March 9, 2005
JUST SO IT GOES:
Where Does Intelligent Life Come From? (Universe Today, Mar 8, 2005)
A lot of things had to go well for life to come about. If you go way back, it all begins with a Big Bang universe giving birth to space and time. In that early universe light echoed about, slowed in vibrancy, the primordial elements coalesced then condensed into a first generation of massive breeder stars. After warming to the notion (by gravitational compression), primordial matter began fusing in stellar cores and a lesser form of light moved outward to warm and illuminate a young and potentially ever-expanding Universe.More time and more space saw many of those early blue stars implode (after living very short lives). Subsequent explosions spewed vast quantities of heavier - non-primordial - atoms into space. Out of this rich cosmic endowment new stars formed - many with planetary attendants. Because such second and third generation suns are less massive than their progenitors, they burn slower, cooler, and much, much longer - something essential to the kind of benignly consistent energy levels needed to make organic life possible.
Although breeder stars formed within a few hundred million years of the Big Bang, life here on Earth took its time. Our Sun - a third generation star of modest mass - formed some nine-billion years later. Life-forms developed a little more than one billion years after that. As this occurred, molecules combined to form organic compounds which - under suitable conditions - joined together as amino acids, proteins, and cells. During all this one layer of complexity was added to another and creatures became ever more perceptive of the world around them. Eventually - after more billions of years - vision developed. And vision - added to an subjective sense of awareness - made it possible for the Universe to look back at itself.
Empirical research into the fundamentals of life shows that a concoction of well-chosen elements (hydrogen, carbon, oxygen, & nitrogen) exposed to non-ionizing ultraviolet radiation forms amino acids. Amino acids themselves have a remarkable capacity to chain together into proteins. And proteins have a rather "protean" ability to give shape and behavior to cells. It is now considered entirely possible that the very first amino acids took form in space1 - shielded from harder forms of radiation within vast clouds comprised of primordial and star-stuff material. For this reason, life may be an ubiquitous phenomenon simply awaiting only certain favorable conditions to take root and grow into a wide variety of forms.
Currently, exobiologists believe that liquid water is essential to the formation and multiplication of organic life. Water is an extraordinary substance. As a mild solvent, water enables other molecules to dissociate and mix. Meanwhile it is very stable and is transparent to visible light - something useful if biotics are to derive energy directly from sunlight. Finally water holds temperature well, carries off excess heat through vaporization, and floats when cooled to solidify as ice.

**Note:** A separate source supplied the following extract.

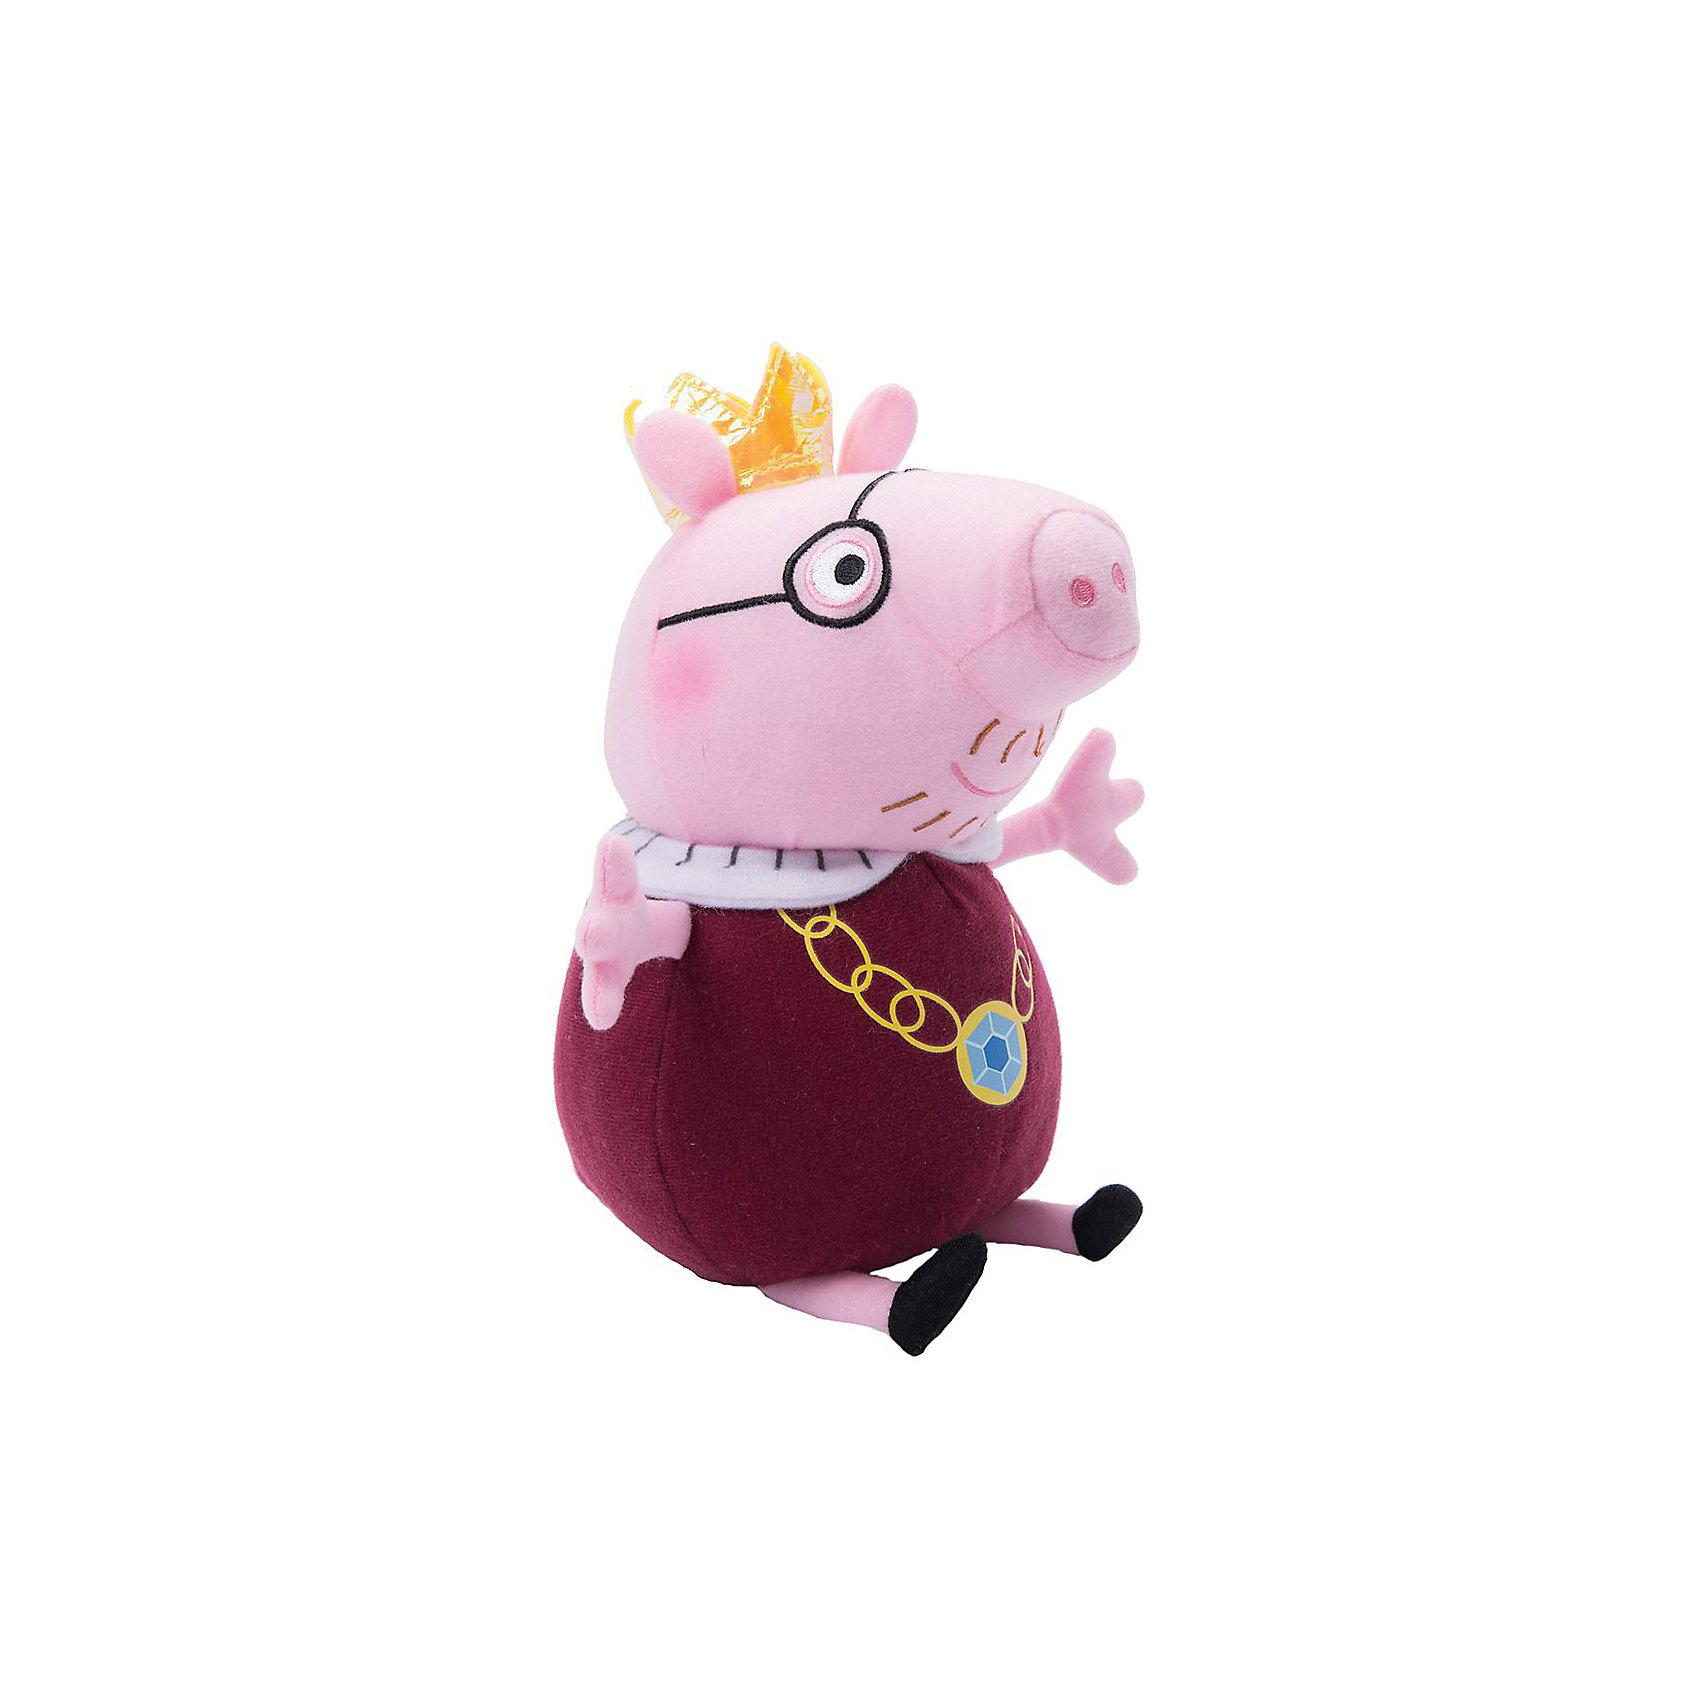 Мягкая игрушка Папа-Свин король, 30 см, Peppa PigМягкая игрушка Папа-Свин король, 30 см, Peppa Pig (Свинка Пеппа). <br><br>Характеристика:<br><br>• Материал: пластик, текстиль, плюш.   <br>• Размер игрушки: 30 см.<br>• Игрушка мягкая, очень приятная на ощупь. <br><br>Игрушка в виде любимого персонажа мультсериала Peppa Pig, приведет в восторг любого ребенка. Папа-Свин в образе короля неотразим и восхитителен! Игрушка сшита из мягкого приятного на ощупь плюща. С ней очень весело играть днем и приятно засыпать вечером.<br>Собери всю коллекцию плюшевых игрушек Peppa Pig проигрывай сцены из любимых мультфильмов или придумывай свои забавные и интересные истории!  <br><br>Мягкую игрушку Папа-Свин король, 30 см, Peppa Pig (Свинка Пеппа), можно купить в нашем интернет-магазине.<br><br>Ширина мм: 245<br>Глубина мм: 165<br>Высота мм: 120<br>Вес г: 174<br>Возраст от месяцев: 36<br>Возраст до месяцев: 2147483647<br>Пол: Унисекс<br>Возраст: Детский<br>SKU: 5211685

According to NASA exobiologist Andrew Pohorille, "Water brings organic molecules together and permits organization into structures that ultimately became cells." In so doing, water acts in an unparalleled matrix enabling organic molecules to form self-organizing structures. Andrew cites one property uniquely associated with water that makes self-organization and growth possible: "The hydrophobic effect is responsible for the fact that water and oil don't mix, soaps and detergents 'capture' oily dirt during washing in water and for a vast number of other phenomena. More generally, hydrophobic effect is responsible for segregating nonpolar (oily) molecules or parts of molecules from water, so they can stick together even though they are not bonded. In biology these are precisely the interactions responsible for the formation of membranous cell walls and for folding proteins into functional structures."
For water to take the liquid state, it must remain in a relatively narrow range of temperatures and pressures. Because of this only a certain few well-placed planets - and possibly a handful of large moons are favored with the conditions needed to let life live. In many cases it all comes down to a form of celestial real estate - location, location, location...
Indeed, centrally located. Posted by Orrin Judd at March 9, 2005 12:00 AM
Ah, the scientific creation myth. And the NASA recipe for life: given a proper planetary system, just add water and voila, life arises.
Posted by: jd watson at March 9, 2005 6:05 AMAnd, don't forget, close to schools (state-run establishers of religion in young minds full of primordial goo).